I grip the rocky ledge. A stubborn patch of grass growing in a crack tickles my hand, and I breathe in the scent of river stone. It smells like the damp concrete of the basement closet. And even in nature, out in the open, with the clear sky and the wind whipping past me, and a wide, churning river, sixty feet below, I feel trapped.
I have to go.
I have to leave.
I’ll call Will, apologize for nearly ruining his chances with Jessie. I’ll call Jessie, make sure she and Will are okay.
And then I’ll go.
I turn, inch back on the cliff edge. It was a stupid idea to come on the hike. I need to get out of West Virginia, out of this town. This place is as much a trap as the basement closet. The people who live here never leave. They live and die here.
That red-haired woman is a prime example. She’s what happens to people who stay in one place too long. I can’t even imagine what life is like for her. What if that were my life? What if I were married to her? Life would be an unending hell, that’s what.
She was mean-tempered, loud, demanding.
But that doesn’t excuse the way I spoke to her. For a minute, I felt like my father, and that’s something I never want to feel.
I’ll apologize. I’ll pay her the money. Then I’ll go.
I shuffle my feet, and a cluster of rocks fall, knocking loudly against the cliff wall until they splash into the swollen brown water below. The river bends like an undulating snake, the white rapids its scaly skin, as it slithers through the gorge. I swallow and wipe at the sweat on my forehead and try not to think about the fact that I’m on a narrow ledge on an unmarked trail.
No worries. I’ve hiked worse.
My mouth is dry, filled with the acrid taste of river stone. I turn my face, breathing in the sharp air. Then, I hear it. The distinct groan, the creaking, cracking grumble that precedes a rockslide.
I jerk my head up. Above, a mountain’s worth of dirt, and gravel, and boulders, slides towards me, picking up speed. The grumble becomes a roar, and the second I realize I better run, it’s too late.
A boulder slams against my shoulder. I fling myself to the side. Shield my head with my arms. The thick cloud of dust and dirt hits, and I choke on the dirt-filled air. Sharp gravel pelts me, a hailstorm of rocks.
The landslide is a booming roar, and I’m consumed by the sound, blinded by the cloud of dirt and choking on the thick air. I stand, try to dodge the boulders, make it off the cliff. Fear scratches at me, drawing blood. I realize that I could die. In all the extreme sports, the cliff-diving, the skydiving, the whitewater rafting, I never once considered that I could die.
Fear chokes the breath from me.
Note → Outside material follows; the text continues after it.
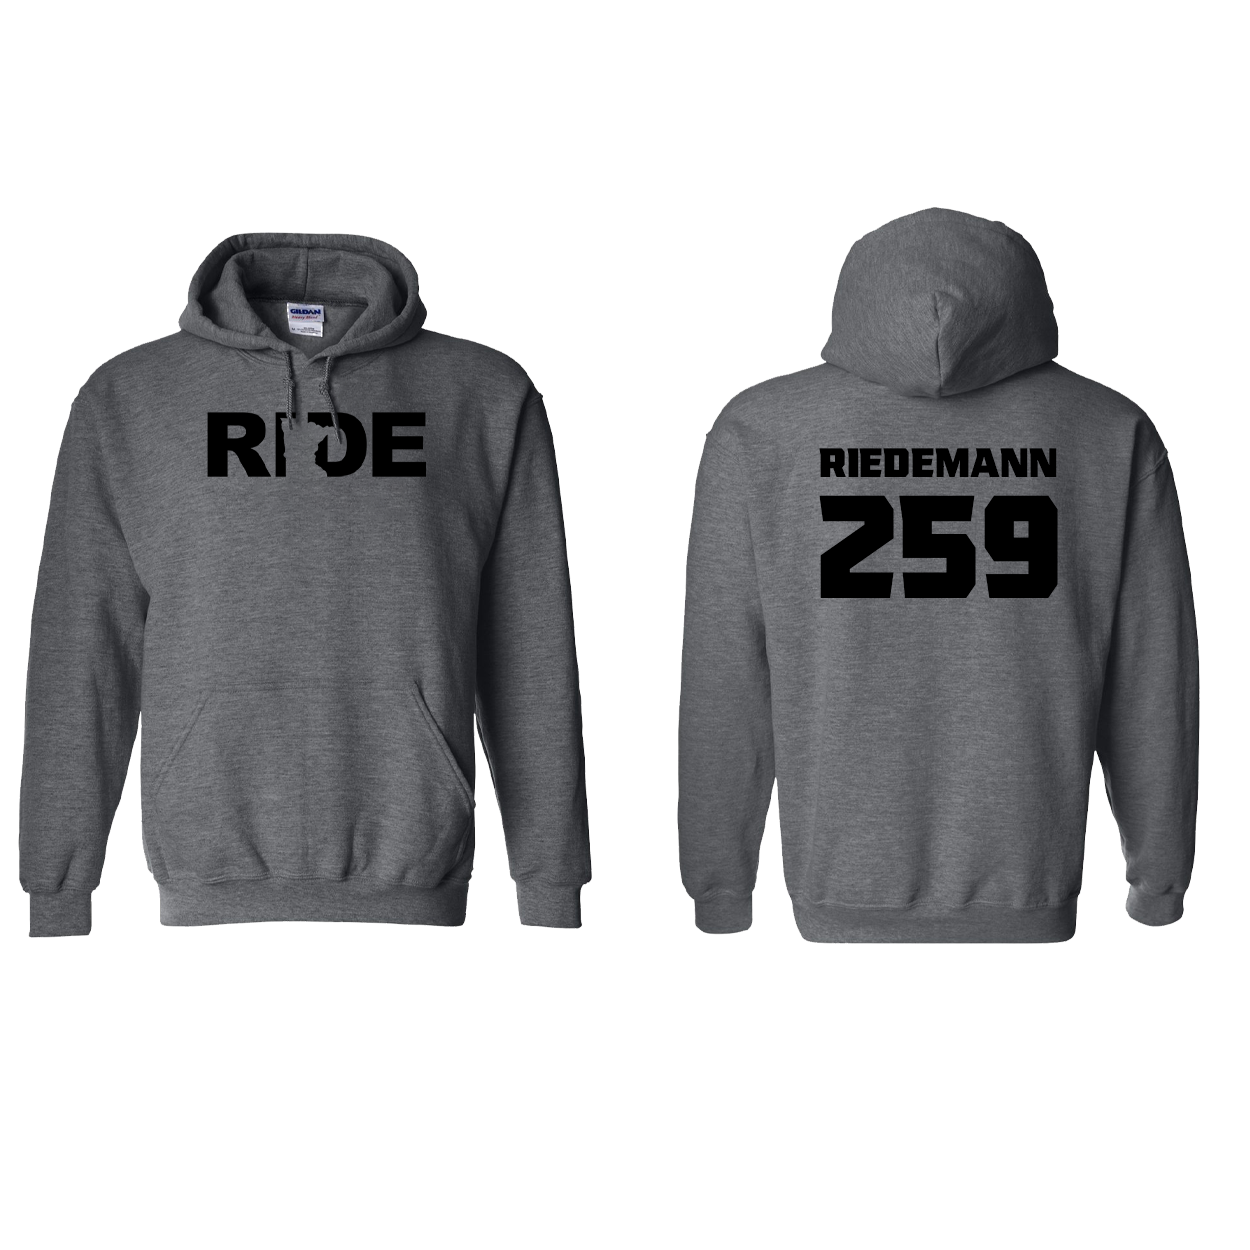 FXR BMX Race Team Classic Athlete Support Sweatshirt RIEDEMANN #259 Dark Heather (Black Logo)

Stupidly, horribly, my life flashes before my eyes, but it only takes a second. Because all I’ve ever done is run and run and run.
The only person I’ll leave behind that loves me is Will, and with Jessie’s help, he’ll get over my death soon enough.
Another crack sounds. I throw my arms over my head. A boulder the size of a man crashes down the wall. It’s coming right for me. I dive to the side, barely balancing on the thin ledge. I tip back, my arms pinwheel. I manage to grip the rock with the tips of my fingers. Then, the boulder hits the ledge next to me. It smacks the rock with a bang, the wall vibrates like a bucking horse. I’m thrown up in the air. My teeth slam together and I taste the copper tang of blood. Then, when I slam back down, the ledge is gone. It’s crumbled beneath the weight of the boulder and joined the rockslide.
There’s nothing for me to hold on to. My hands claw at the cliff. I grab the grass sticking from the crack in the wall. The roots give way. And then I’m free falling. My stomach plunges faster than me. The river is below. If I can only hit it right. The air is yanked from my lungs. Rocks smack into me, spin me around.
The cliff wall flies past, the blue and green trees streak by, the brown river looms closer.